Shopping gave us a focus and prevented us from succumbing to sleep too early. By the time we got to our apartment, we had underwear and socks for 2 days, and a part change of clothes each. Supplies for dinner had also been collected - enough fromage and saucisson to sink a bateau. We picnicked at the window with our "to die for" view of the Eiffel Tower. Bed time was not late, we slept well, and awoke the next morning very entrenched in European time.

View from our Bed
View from our Bed
The apartment description said "Eiffel Tower views". We still anticipated we would have to lean out, or stand on a box, or that it only works if the planets are aligned and it's Wednesday. But no, the tower looked like that, from every window.


We are loving our accommodation. We did not realise, though, that we slept within a block or so of the same location in 1995. Significantly different, though, was the fact that back then there were four of us, not two. Our accommodation then was a big yellow Volkswagen camper-van, parked in a quiet nook, in a not entirely legal manner.

I feel, at times, like we are in a big magic show. Children running around saying "voila" make me think they are about to pull some doves out of their sleeves.
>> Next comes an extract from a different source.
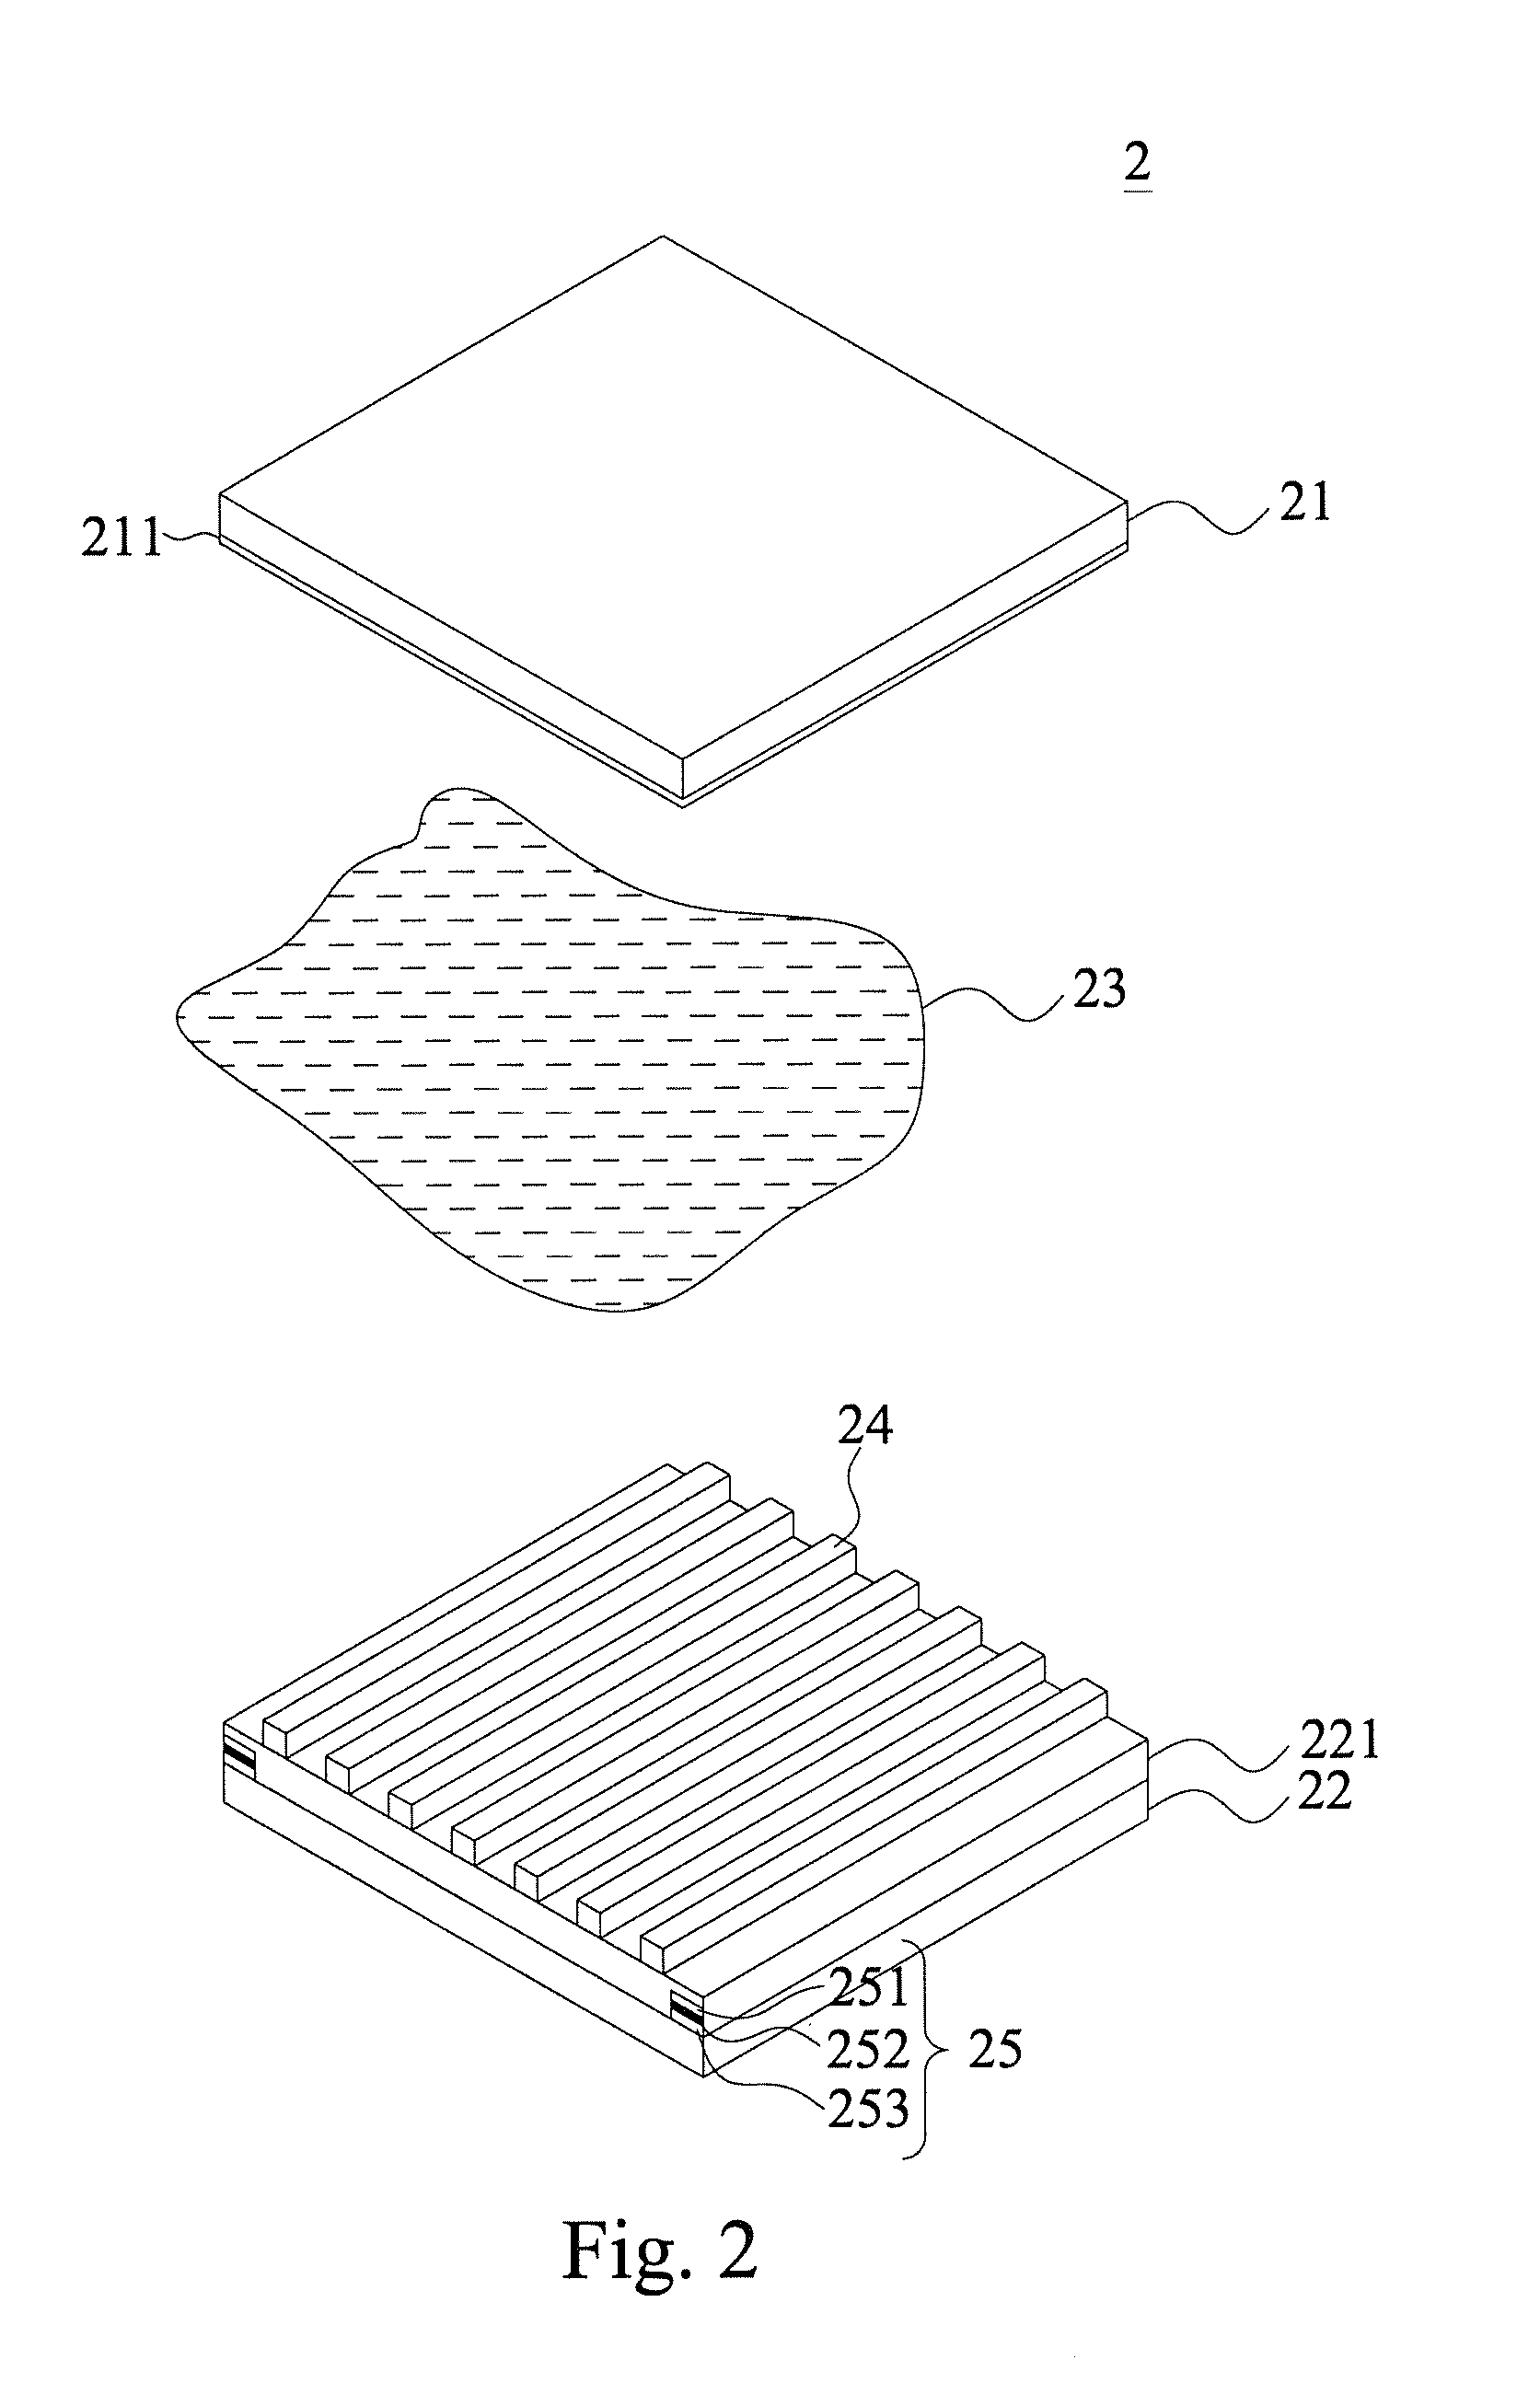 Grating structure of 2d/3d switching display device

So, day 2, Jo's birthday, and still none of our stuff has arrived. We had a glass of champagne at the Westin hotel, before hitting the shops again - some nicer clothes for dinner. And we met up with Alister and Anahi, friends from Melbourne, who flew in to Paris to celebrate with us. They are staying a few metro stops away.
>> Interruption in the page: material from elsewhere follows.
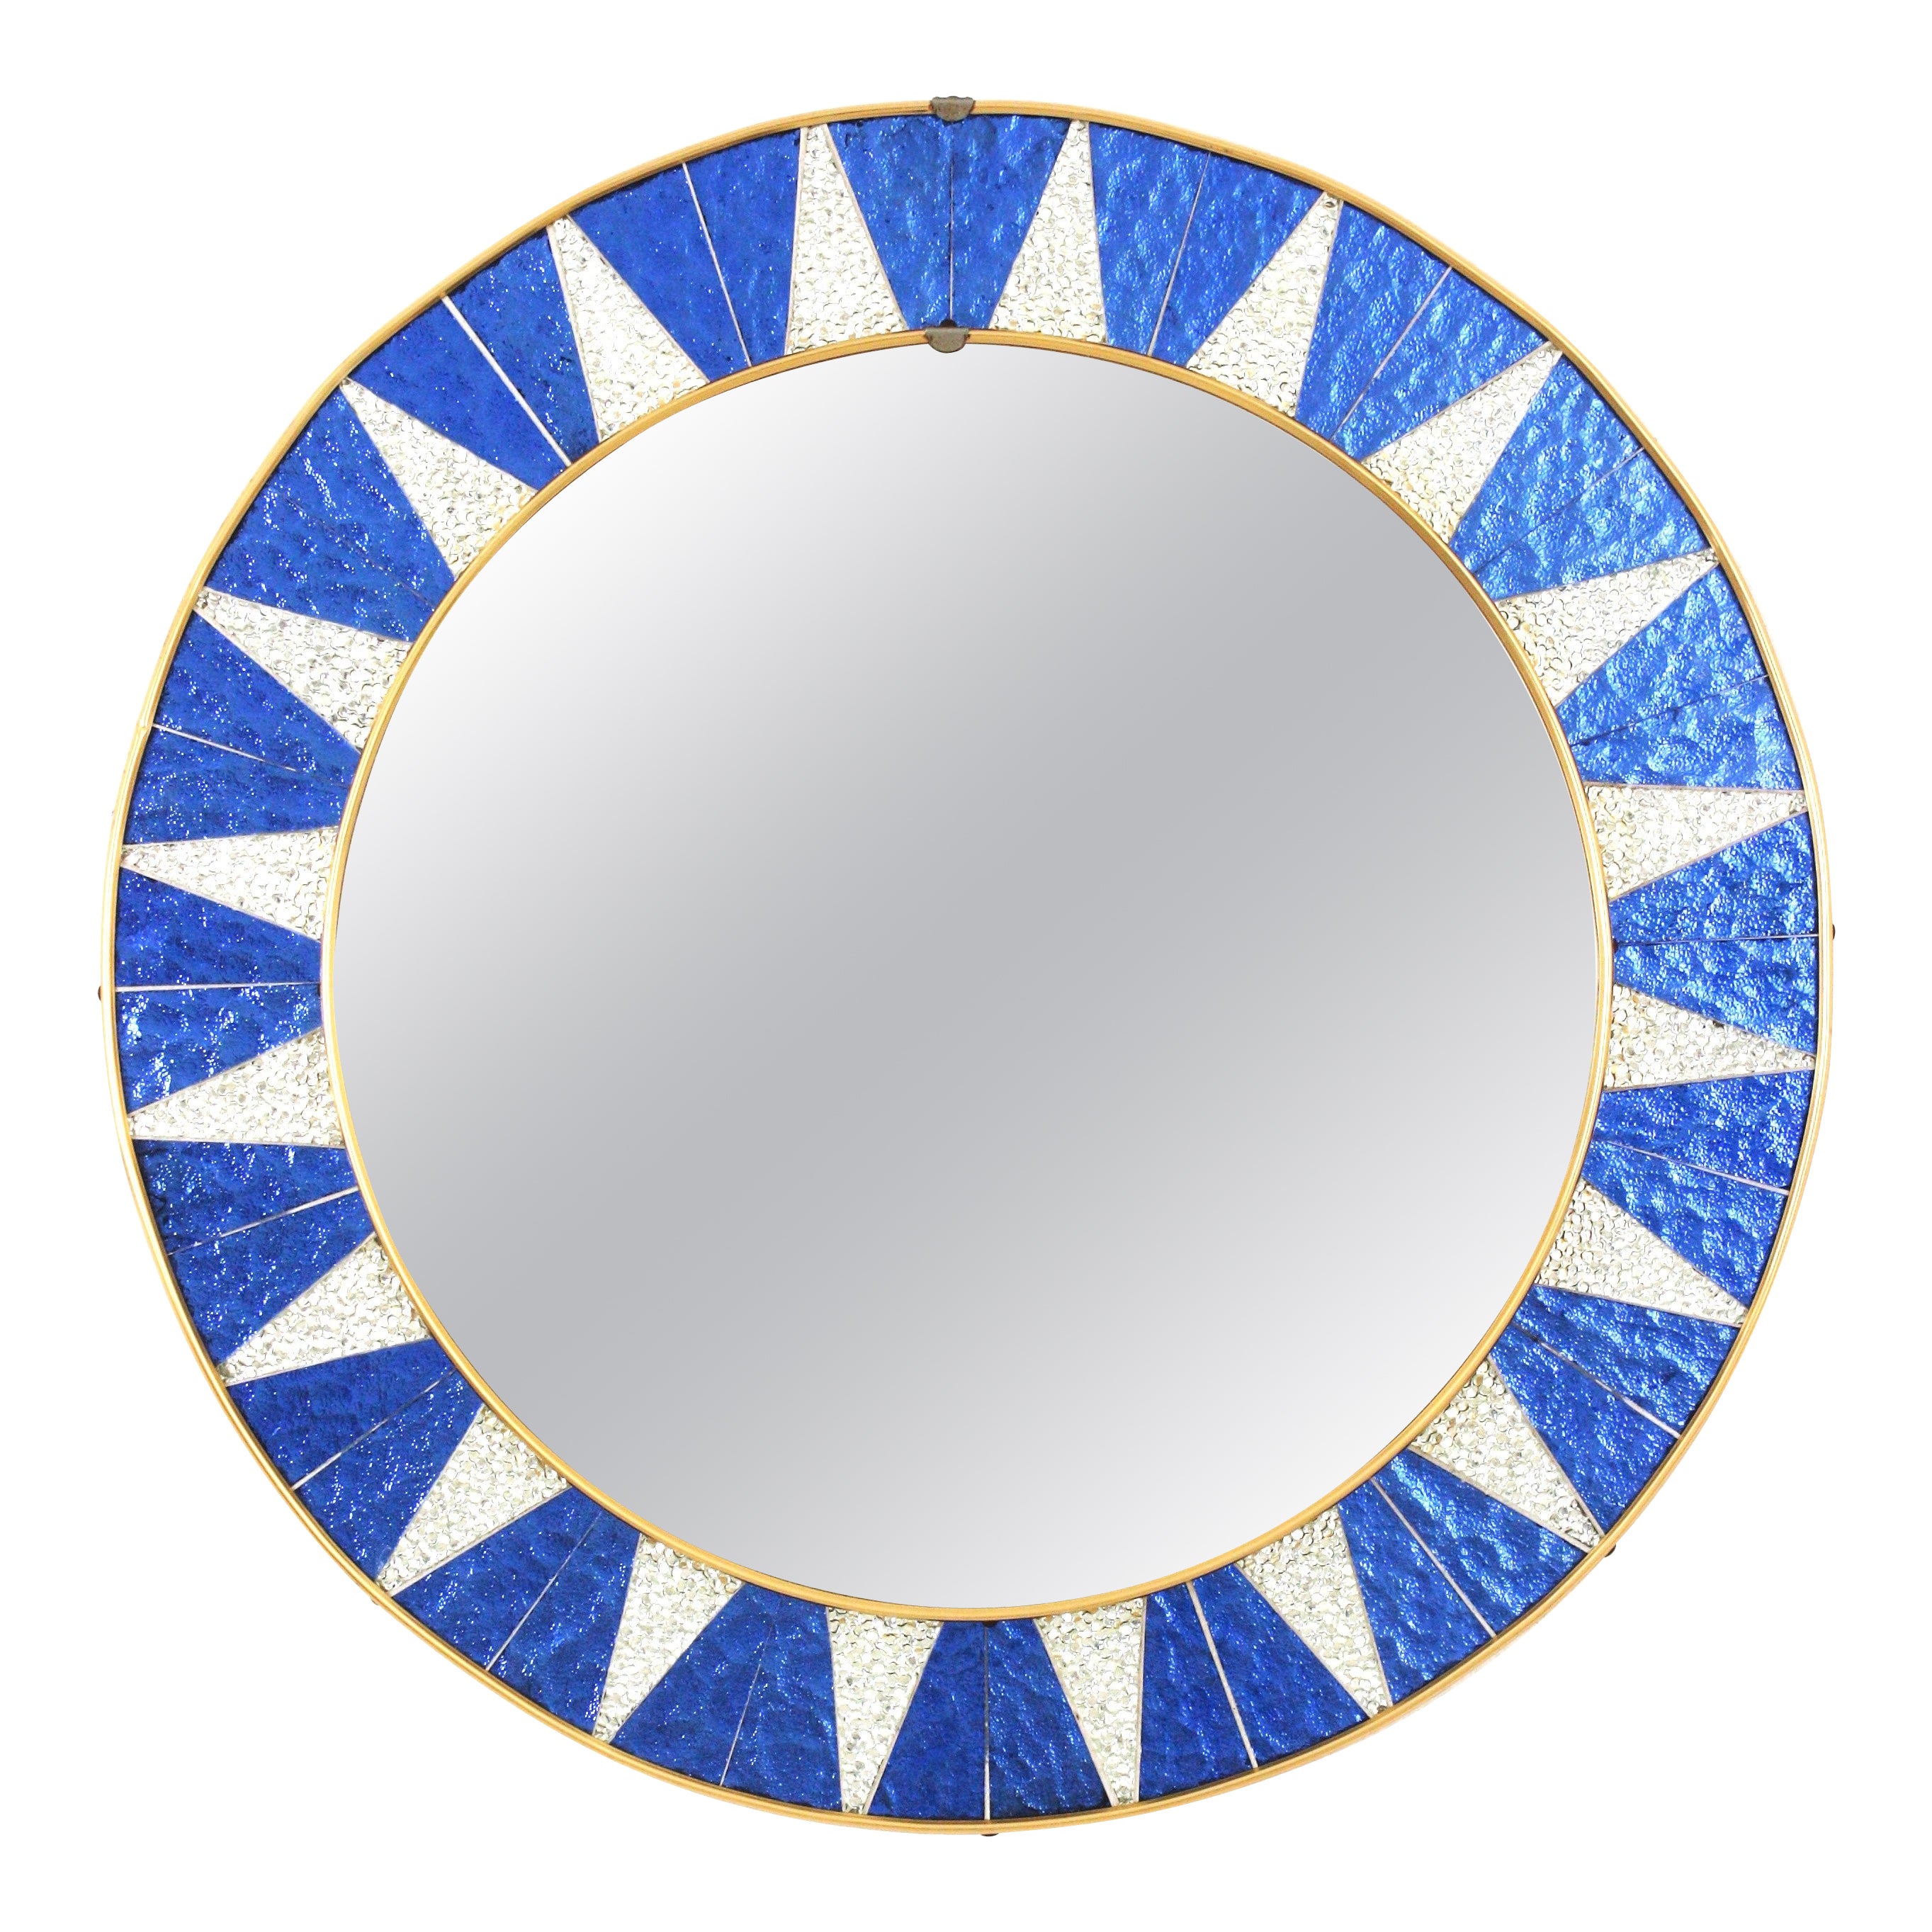 Sunburst Mirror with Blue and Silvered Mosaic Glass Frame, Spain, 1960s

Dessert, on the Actual Birthday
Dessert, on the Actual Birthday
We think everybody at the restaurant sang. Our desserts came out, in spectacular fashion, and we ate them with coffee while the tower sparkled before us.


Day 3, still no clothes, and so we venture in to the shops once again. Sight seeing along the way included the sewer museum, and an art exhibition where we unknowingly walked in through the exit. It was only when we eventually finished at the entrance that we realised we had done it back to front, and we were supposed to have bought tickets.

An hour or so before dinner, our luggage was finally delivered - 55 hours after we landed in Paris. We changed in to our allocated finery before heading out to fulfill a 25 year desire of Jo's. Dinner at Maxim's.

Maxims
Maxims
The sumptuous interior of Maxims. I thought we were dining late, but were only the 3rd couple to be seated at 20:15. The majority arrived quite a while after us. It gave us an opportunity to snap a couple of pics without too many people.


The Birthday Dinner
The Birthday Dinner
Maxim's was closed on Monday. So, we had our special dinner there the following night. A decadent splurge for an amazing wife. Congratulations on your milestone year.


Obligatory Post Dinner Stop
Obligatory Post Dinner Stop
Since our apartment was so close, we felt that stopping by Trocadero was not optional. Birthday snap in our birthday finery.


Alister was quite unwell, and had spent the previous day in his room - mainly sleeping. On our final day together, he perked up somewhat, and the four of us went to the gardens of Claude Monet in nearby Giverny.

We had a final meal together, watching the world cup in a Portuguese bar. We're heading south, and they're off to Greece.

The Impression of Being a Painting
The Impression of Being a Painting
A popular spot for a photo or a painting, in Monet's garden in Giverny.


No Joyce, just Annie, Al, and Jo
No Joyce, just Annie, Al, and Jo
Joyce was not ready for the photo, yet. Her friends went to look for her. We got our photo, and never worked out if elusive Joyce was found, or if she had in fact ditched her bossy travel companions.


Dinner with Anahi and Alister
Dinner with Anahi and Alister
Alister and Anahi flew in to Paris to meet up with us for a few days, to celebrate. This was the final meal we had together in Paris. It was at a crowded little Portuguese Bar, with tables spilling on to the street (literally, people drinking between parked cars), so they could squeeze as many people in as possible. Brazil were playing in the world cup.


Full Moon and Eiffel Tower
Full Moon and Eiffel Tower
On our final night, the moon looked so amazing. I probably should have used a prop of some sort - I had no tripod - but it came out well enough held by hand.